Surprisingly, it has now been found that 1-Arylpyrrolidone- (2) of the general formula II with strong diluted alkalis at temperatures of around 100 ° C saponify in technically reasonable reaction times to give the 4-anilinobutyric acids, these acylate with acyl derivatives to give the N-acyl-4-anilinobutyric acids and, if necessary, then allowed to convert into the salts.

Table 1 shows the yields and reaction times for the laboratory and operating procedures according to DE-OS 19 71 036 and for the process according to the invention using the example of the production of Clanobutin [N- (4-ChlorbenzoyI) -4- (4-anisidino) -buUersäure] compared to each other. It follows clearly that the inventive method in addition to a chemically new, shorter route to the desired compounds also represents a superior route.

Table 1 Reaction stages

DE-OS 19 17 036 Operating procedure Invention 25 kg according to Laboratory procedure 13 kg procedure 250 g (44.5% of theory) 25 kg 235 g 18 kg (80.5% of theory) (85.4% of theory) 353 g 14.5 kg (92.7% of theory) (83.8% of theory) 310 g 13 kg 43.0 kg (91.3% of theory) (90.3% of theory) (94.6% of theory) 280 g 195-205 38.8 kg (90.3% of theory) hours (90.2% of theory) 58-62 75-85 33 hours hours hours 28-32 28.6% d. Th. 15 hours hours 61.5% d. Th. 85.3% d. Th.

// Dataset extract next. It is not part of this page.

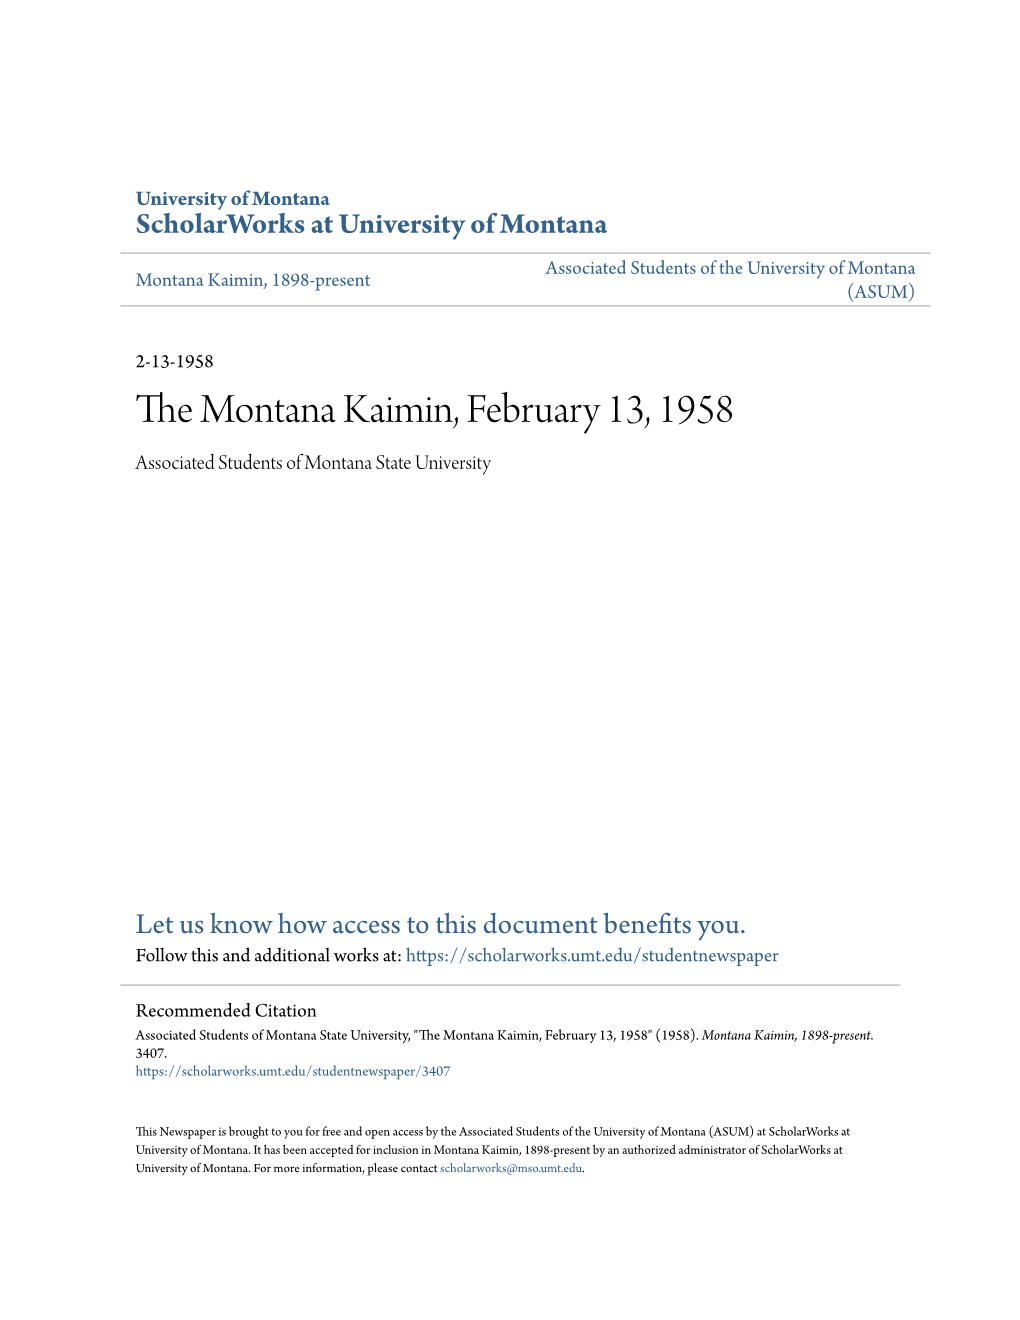 The Montana Kaimin, February 13, 1958

Methyl 1- (4-methoxyphenyl) -pyrrolidone- (2) 4- (4 ^ nisidino) -butyrate

N- (4-chlorobenzoyl) i-4- (p-anisidino) butyric acid methyl ester Crude product N- (4-chlorobenzoyl) -4- (4-anisidino) butyric acid N- (4-chlorobenzoyl] i-4- (4-anisidino) butyric acid pure Response times including working hours working hours

Yield based on the l- (4-methoxyphenyl) -pyrrolidone- (2) used

d. Th .: the theory.

The l-arylpyrrolidones- (2) of the general formula II to be used for the process according to the invention are known to the person skilled in the art or can be prepared by processes known to the person skilled in the art (Belgian patent 6 26 904). Examples of suitable 1-arylpyrrolidones- (2) are:

1-phenyl-pyrrolidone- (2), 1 - (3-chlorophenyl) -pyrrolidone- (2), l- (2 ^ -Dimethylpher, yl) -pyrrolidon- (2), 1 - (2,6-DimeAylphenyl) -pyrrolidon- {2), 1 - £ * -Methoxyphenyi) -pyiTolidon- {2), 1 - (4-ethoxyphenyl) -pyrrolidone- {2), 1 - (4-Benzyloxyphenyl) -pyrrolidone- (2), 1- (2,4-Dimethoxyphenyl) -pyiToIidon- (2), 1 - (3,4 ~ DimethoxyphenyI) -pyrrolidone- (2).

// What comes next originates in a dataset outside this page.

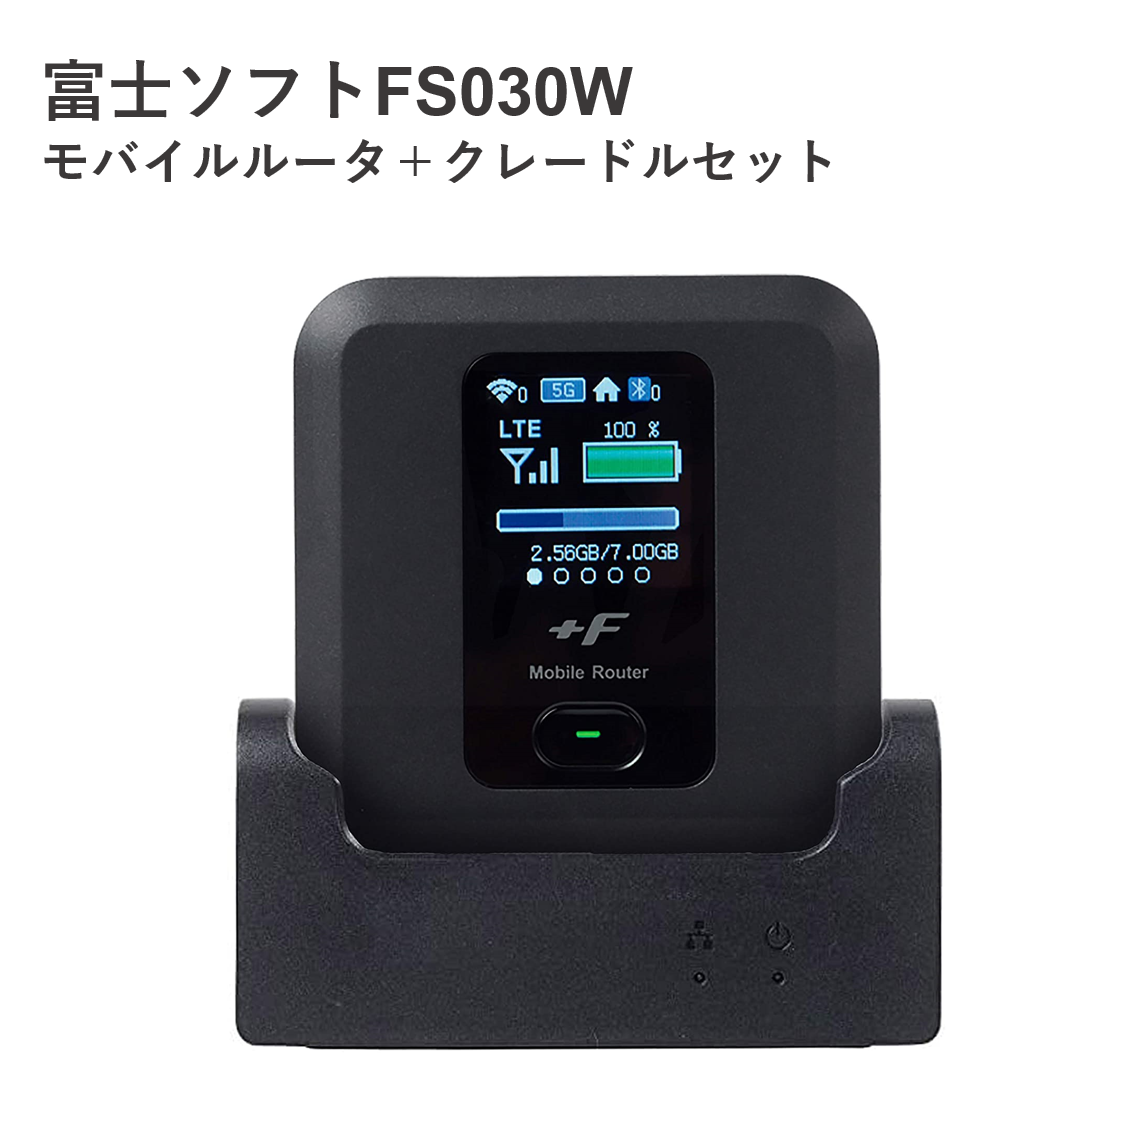 富士ソフト+F FS030W専用クレードルSIMフリーモバイルルータ10台セット

The acyl halides which can be used for the process according to the invention, e.g. B. acyl bromides and preferably chlorides, or acyl anhydrides are those skilled in the art likewise known or can be prepared by processes known to the person skilled in the art. As suitable Examples of acyl halides are:

Acetyl chloride, Propionyl chloride, Butyryl chloride,

iso-butyryl chloride,

n-valeryl chloride,

iso-valeryl chloride,

n-caproyl chloride,

oenanthic acid chloride,

Acetyl fluoride, Acetyl bromide, Acetyl iodide, Cyclopropanecarboxylic acid chloride, Cyclobutane carboxylic acid chloride, Cyclopentanecarboxylic acid chloride, Cyclohexanecarboxylic acid chloride, Benzoyl chloride,

4-chlorobenzoyl chloride,

3-chlorobenzoyl chloride,

2-chlorobenzoychloride, 2-methylbenzoic acid chloride.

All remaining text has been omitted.